Tivemos ensaios minguados na última quinta e na última terça-feira. Na quinta alguns atores não puderam ir, mas resolvi manter a atividade para não deixar a peteca cair. E isso foi bom, porque mesmo com pouca gente, resolvi trabalhar a cena de abertura para a qual tínhamos pensado a utilização de bonecos. Os bonecos estavam prontos, feitos pela Andréa, mas não havíamos ainda resolvido a cena, como ela seria. E fomos discutindo e criando juntos, um propondo daqui, outro dali... a cena saiu. E gostei, porque além de ficar enxuta, que era o que queríamos – a cena original é longa e o que resultou da adaptação que realizamos ainda estava longa demais – foi criada com elementos que sempre utilizamos, que fazem parte de nossa poética: canções populares, roda de trovas, citações de espetáculos anteriores. Tudo engraçado e lírico.
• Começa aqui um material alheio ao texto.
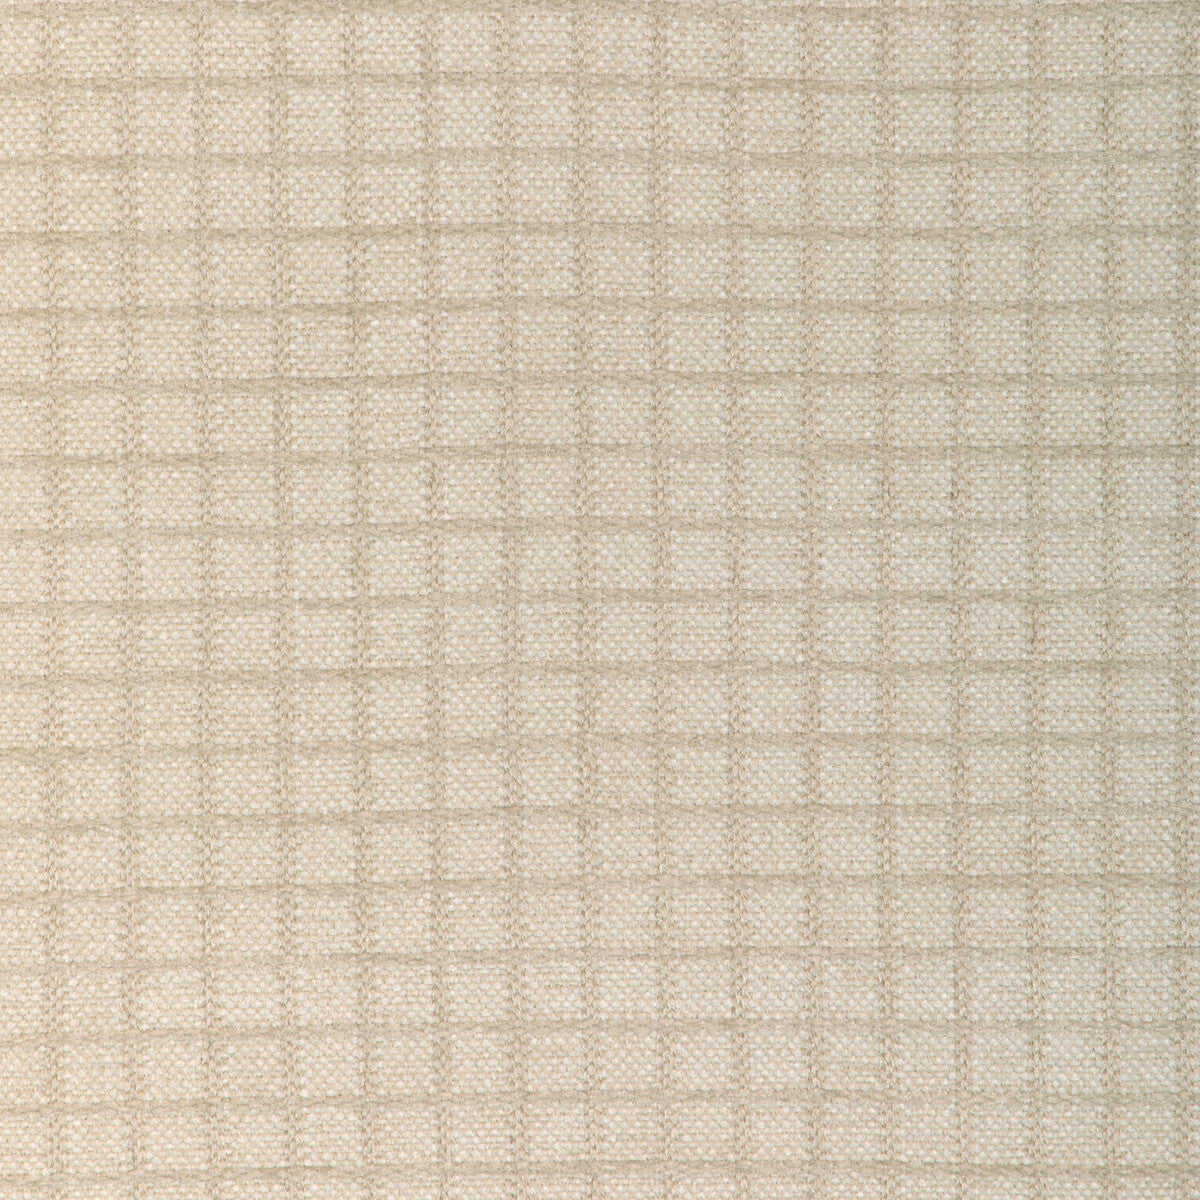 Chiron Texture fabric in ivory color - pattern 8023155.1.0 - by Brunschwig &amp; Fils in the Chambery Textures IV collection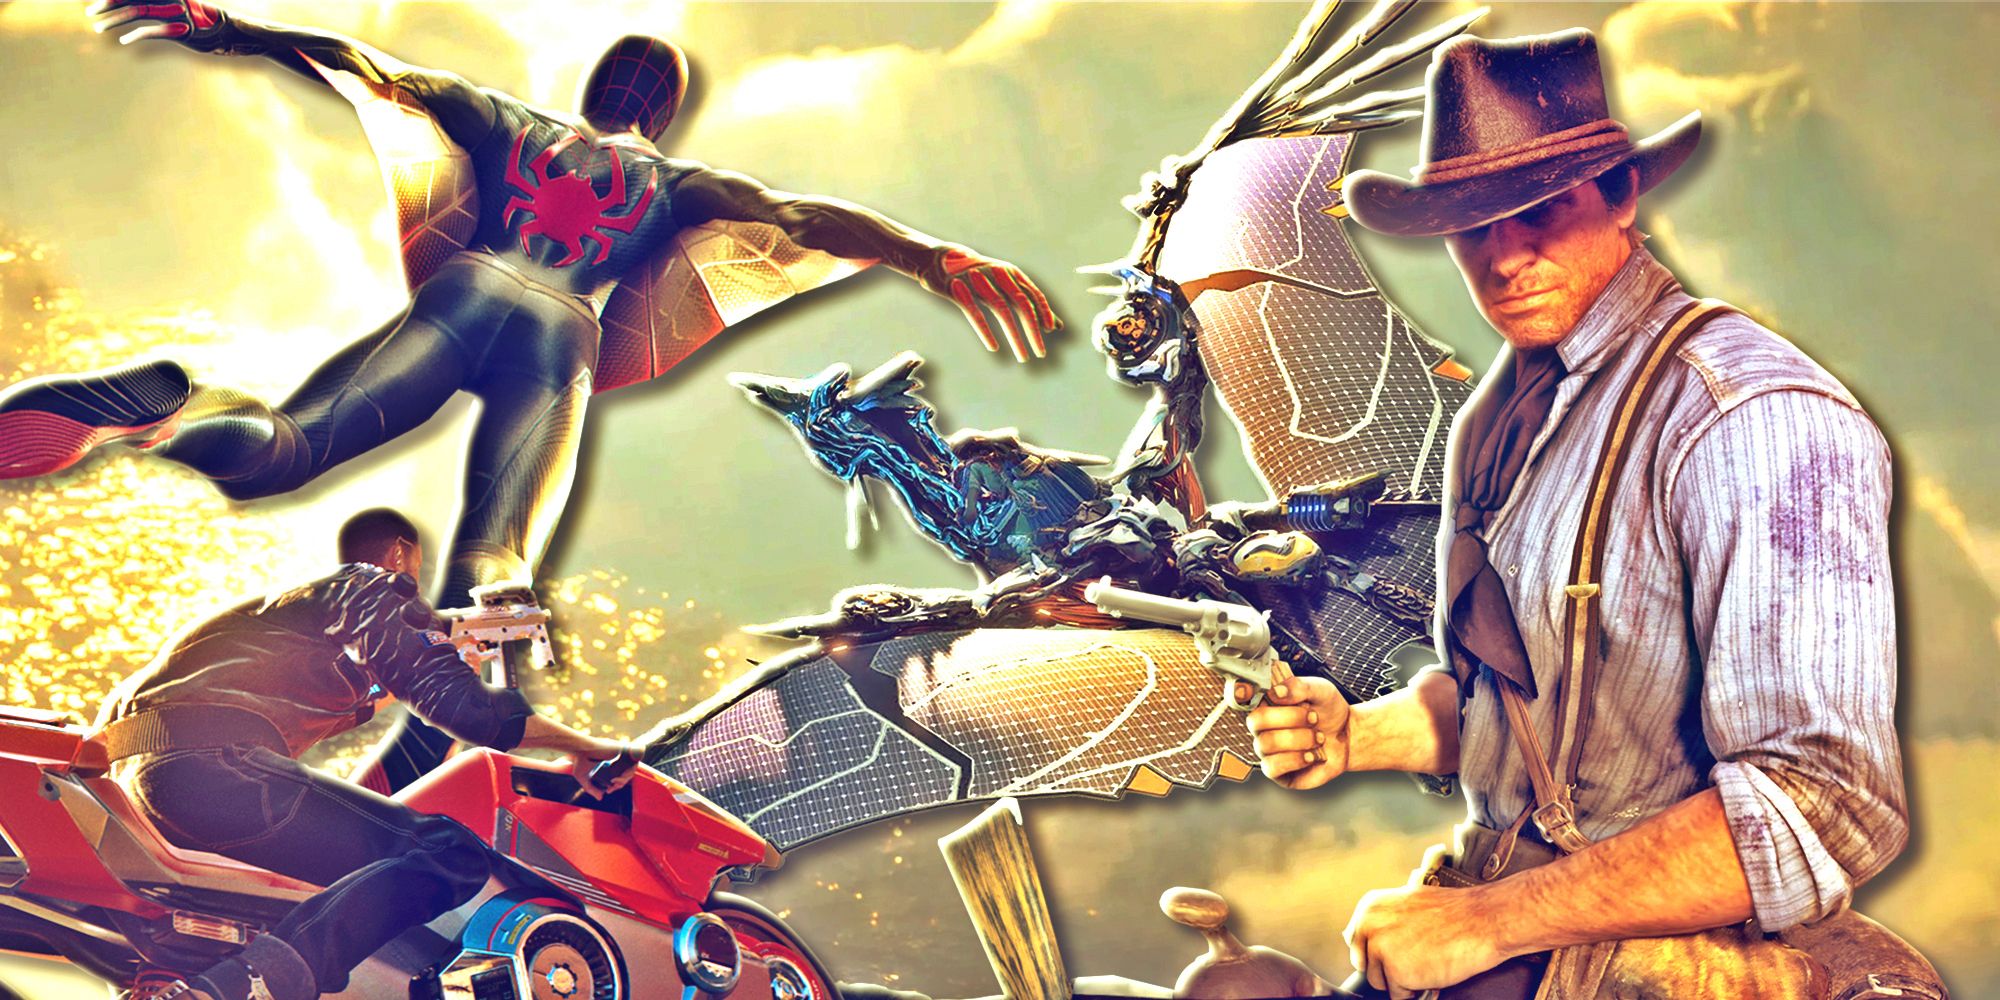 V (Cyberpunk 2077) on a Yaiba Kusanagi CT-3X, Miles Morales using his web wings, Aloy mounted a flying machine, and Arthur Morgan holding his revolver on a horse

Foi bom não ter desistido do ensaio, mesmo estando com pouca gente.
Na terça, depois de toda a farra do Círio, quem faltou, por motivo de doença, foi o nosso Harpagon. Mesmo assim, levamos em frente o ensaio. E foi bom. Novas marcas surgiram, novas idéias, conexões. Ensaiamos a entrada do espetáculo ligando-a a primeira cena, criada no ensaio passado.
Queria aqui registrar essas dificuldades que sempre aparecem em nosso processo. Pensando nisso, solicitei aquela tarefa do grupo de escrever sobre o que faz da vida, sobre o palhaço de cada um e sobre cada um no grupo. Somos movidos por uma forte paixão pelo trabalho, sei, sabemos. Mas o dia-a-dia é cruel. Ensaiamos apenas duas vezes por semana, terças e quintas. E pretendemos tanto! Muitos atores chegam cansados, depois de uma jornada dupla de trabalho, aulas, família etc. Faltas, atrasos, acontecem sempre. Quebram o ritmo do ensaio, diminuem seu tempo. Mas é só assim que, ainda, podemos manter este nosso “outro” trabalho, essa nossa paixão. É preciso muito esforço para respeitar o espaço de cada um. É um exercício constante e doloroso. Mas tocamos em frente, sofrendo, mas criando sempre.
Lembrei de outra tarefa: como está sendo para cada um os ensaios na praça. Não falei sobre isso. Mas tenho me sentido muito à vontade. Confesso que o primeiro dia me encheu de ansiedade. Como será, como vamos nos comportar? Mas também estamos tão acostumados a chegar na frente do público e nos arrumar e fazer o espetáculo... que tudo fluiu naturalmente. Como diretor, pensei um pouco em como agiria. Mas fui deixando correr e naturalmente fui me adaptando àquela nova realidade. Uma coisa é maravilhosa: perceber a reação de quem assiste o momento exato em que a cena é criada. Sentir a curiosidade, o prazer da descoberta de saber como aquilo funciona. Que erramos, paramos, repetimos. Que muitas vezes não sabemos como fazer e... de repente, acertamos. Que os erros também são acertos, que incorporamos os acidentes à criação. É belo para mim, e percebo que para o público também, quando noto que, sem querer, o ator fez uma coisa qualquer, um gesto, um tropeço, um movimento de descanso e descubro ali o nascedouro da cena. E instigo e, junto com o ator, com a platéia, vou criando, repetindo, limpando aqui e ali. É o meu prazer! Será assim para todos os diretores?
É isso. Assim se dá nossa Criação Pública.